**Exercise goal**: Skip pictures in the listing below; copy exactly the lines from the one with "Dreaming about vacation" through the one with "A young boy", inclusive.

**Source material**:

+ + + + +

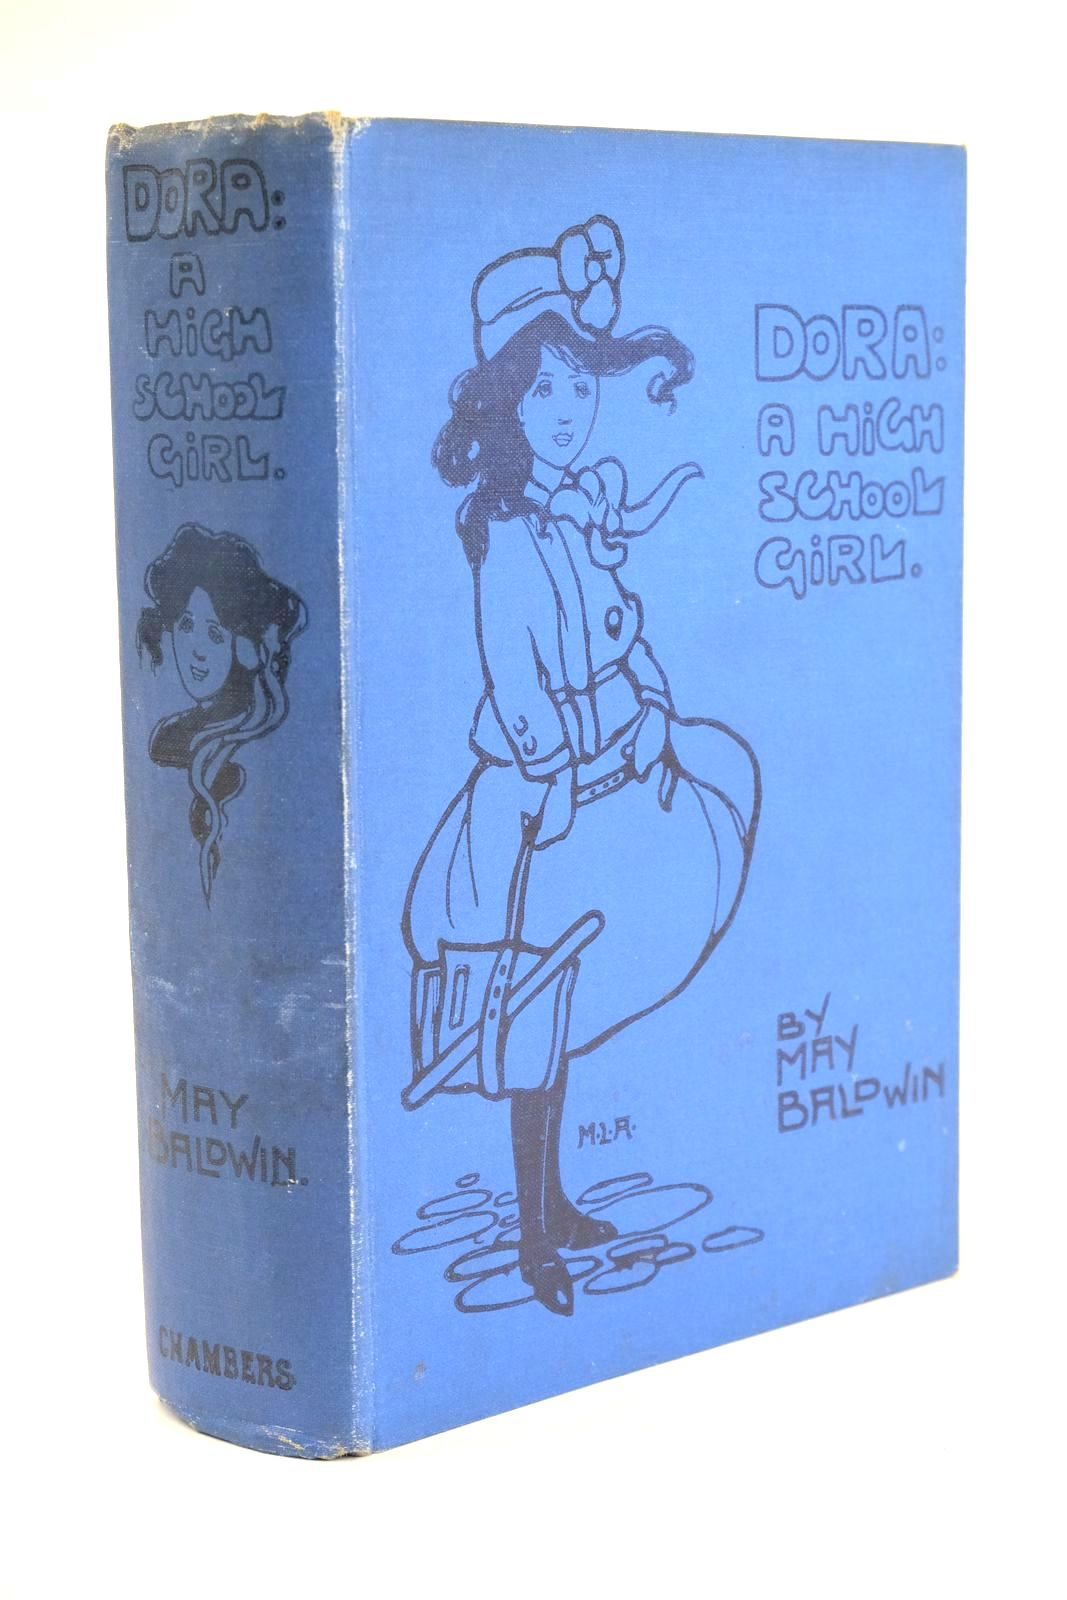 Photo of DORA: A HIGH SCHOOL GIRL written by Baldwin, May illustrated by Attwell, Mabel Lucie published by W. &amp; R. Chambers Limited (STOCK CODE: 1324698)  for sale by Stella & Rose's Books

+ + + + +

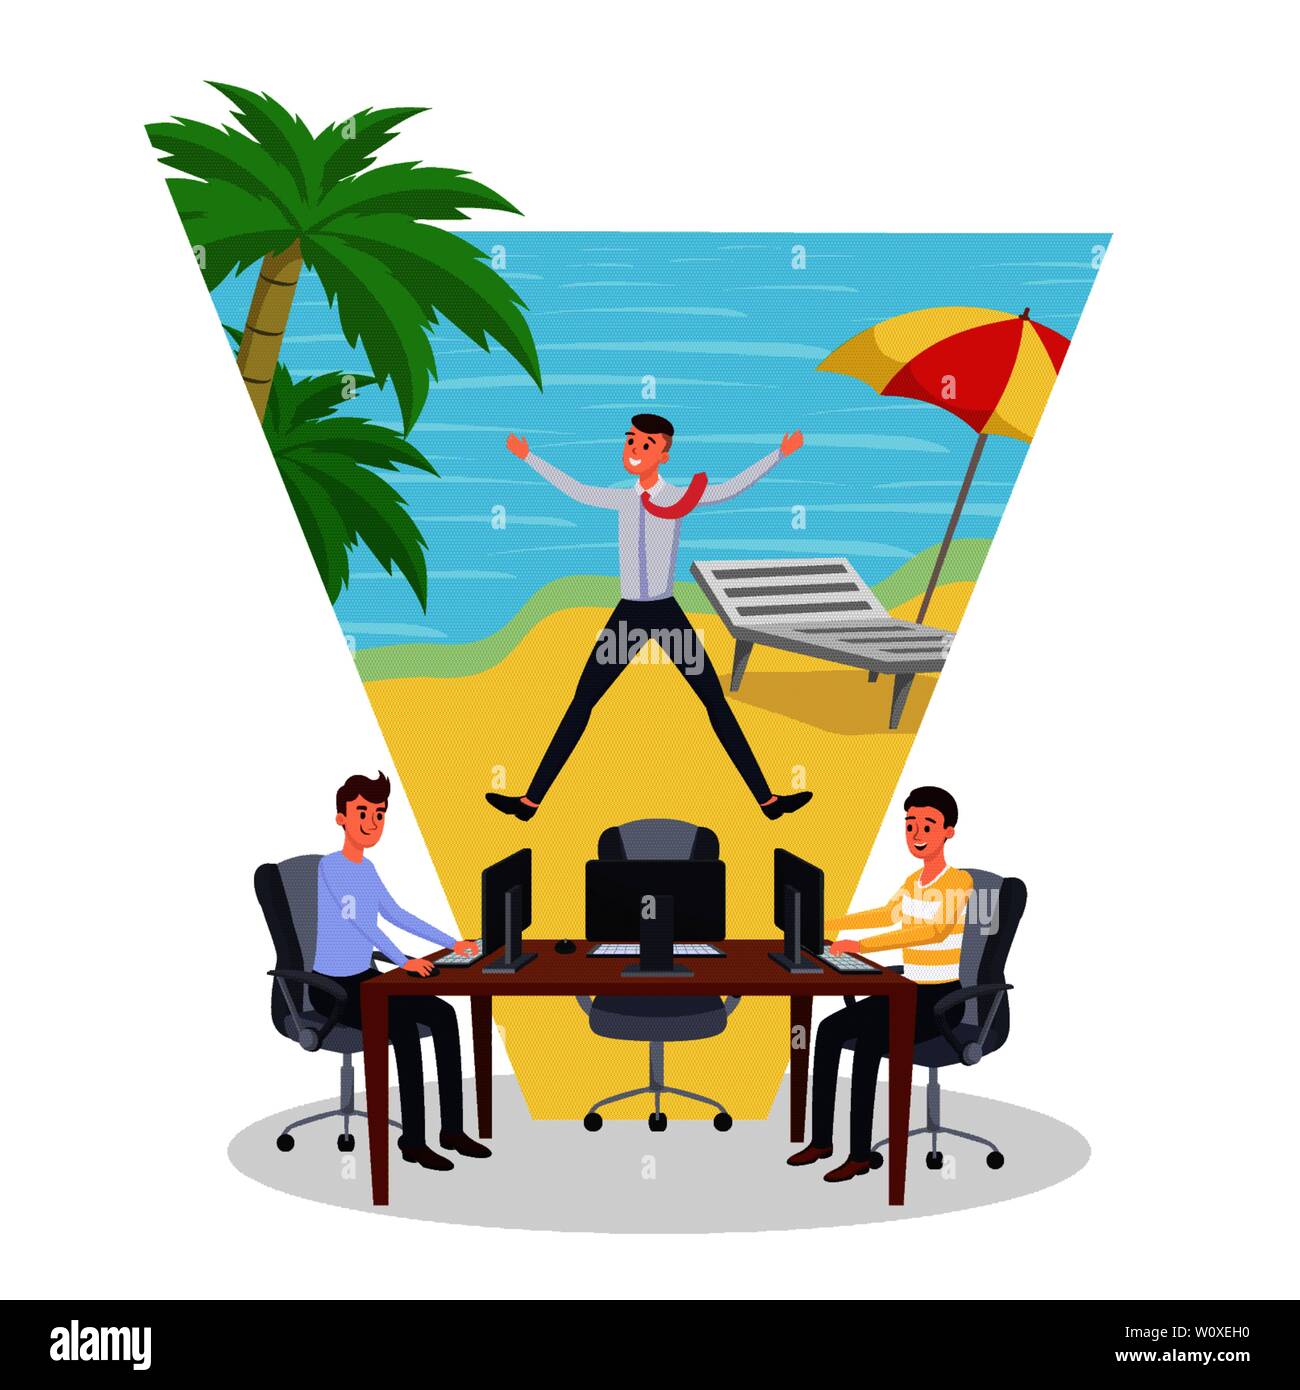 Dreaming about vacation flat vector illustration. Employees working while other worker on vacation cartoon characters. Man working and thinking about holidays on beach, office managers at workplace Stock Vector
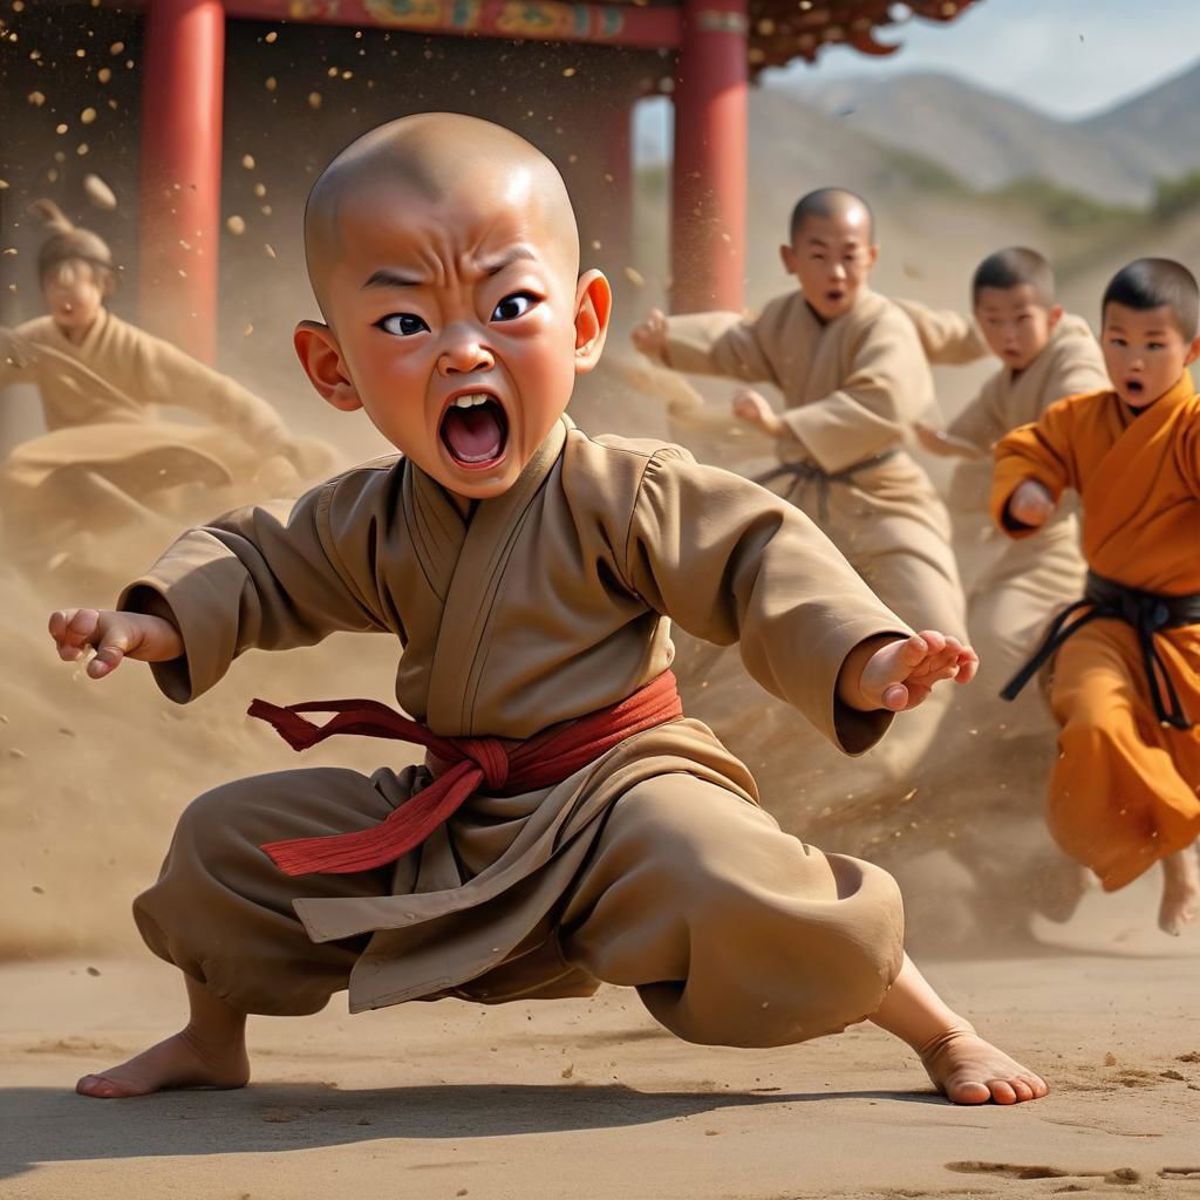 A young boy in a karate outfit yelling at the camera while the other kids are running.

+ + + + +

**Expected answer**:
 Dreaming about vacation flat vector illustration. Employees working while other worker on vacation cartoon characters. Man working and thinking about holidays on beach, office managers at workplace Stock Vector
 A young boy in a karate outfit yelling at the camera while the other kids are running.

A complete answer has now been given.